Recombinant wild-type cDNA constructs containing the TET2 catalytic domain (aa 1129–2002) tagged with and without the GFP epitope at the N-terminus or with and without the GFP epitope–tagged TET2 catalytic domain carrying Tyr-1939, Tyr-1964, or double mutations were generated using the Q5 Site-Directed Mutagenesis Kit (New England Biolabs). These DNA constructs were subcloned into pCMV6-ENTRY plasmid (Origene). These plasmids were then transfected into HEK 293 and recombinant TET2 proteins were produced and used in in vitro kinase assays. The JAK2 and KLF1 (N-terminal 10× His- tag) were subcloned into the pET15b vector (Novagen).

In Vitro Kinase Assay

The in vitro kinase assays contained 1.5 mg of protein containing GFP/FLAG-tagged TET2 catalytic domain (130 Da) immunoprecipitated with an anti-FLAG M2 magnetic beads, 200 ng of active recombinant JAK2 (Abcam), in vitro kinase buffer (25 mmol/L HEPES pH 7.5, 10 mmol/L MgCl2, 0.5 mmol/L EGTA, 0.01% Triton X-100, 2.5 mmol/L DTT, 0.5 mmol/L sodium orthovanadate, 5 mmol/L glycerophosphate), and 200 μmol/L ATP in a volume of 100 μL. The kinase assay was initiated by incubating the kinase assay reactants for 1 hour at 30°C followed by diluting the reaction mix with 500 μL of PBS prior to collecting the immune precipitate using a magnetic selection method. Then, the immunoprecipitates were resolved by SDS-PAGE on a 4% to 15% SDS-polyacrylamide gel, transferred onto a polyvinylidene difluoride membrane, and then probed with an anti–phosphotyrosine-specific mouse mAb (Millipore) or a phosphoserine-specific mouse mAb (Qiagen). A similar approach was taken in in vitro kinase assays that involved TET2 catalytic domain carrying specific tyrosine mutations.

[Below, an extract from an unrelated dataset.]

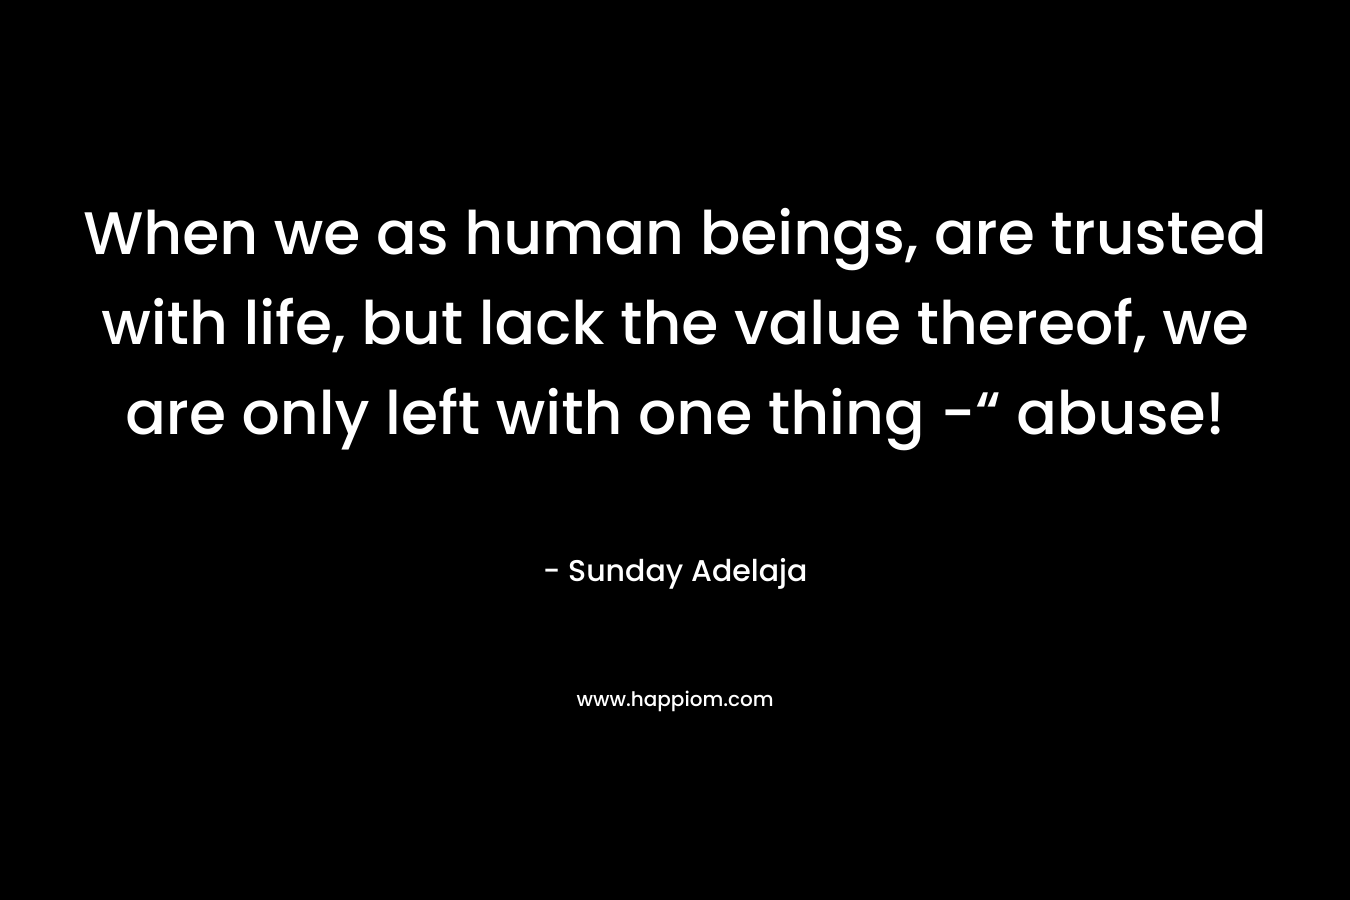 When we as human beings, are trusted with life, but lack the value thereof, we are only left with one thing -“ abuse!

Identification of Phosphorylated Residues by Mass Spectrometry

HEK293 cells were transfected with TET2-Catalytic-FLAG. Immunoprecipitated TET2 was phosphorylated by active recombinant JAK2 for 1 hour. The TET2-Catalytic-FLAG protein was captured by anti-FLAG magnetic beads and separated by SDS-PAGE. A band corresponding to the phosphorylated TET2 was excised from the gel and subjected to further separation on a 4% to 15% SDS-PAGE gel followed by staining with Coomassie Blue Protein Stain. The TET2 band was identified by size, and was excised from the gel and submitted to MS Bioworks, LLC, for PTM profiling, which was done by nano-LC/MS-MS with a Waters NanoAcquity High-Pressure Liquid Chromatography system (Thermo Fisher Scientific). Peptide identifications were performed using Scaffold software together with the MASCOT server for searching against the Swiss-Prot human database. The Mascot was searched with a fragment ion mass tolerance of 0.02 Da and a parent ion tolerance of 10 ppm. Carbamidomethyl of cysteine was specified in Mascot as a fixed modification. Deamination of asparagine and glutamine, oxidation of methionine, acetylation of the N-terminus, and phosphorylation of serine, threonine, and tyrosine were specified in Mascot as variable modifications.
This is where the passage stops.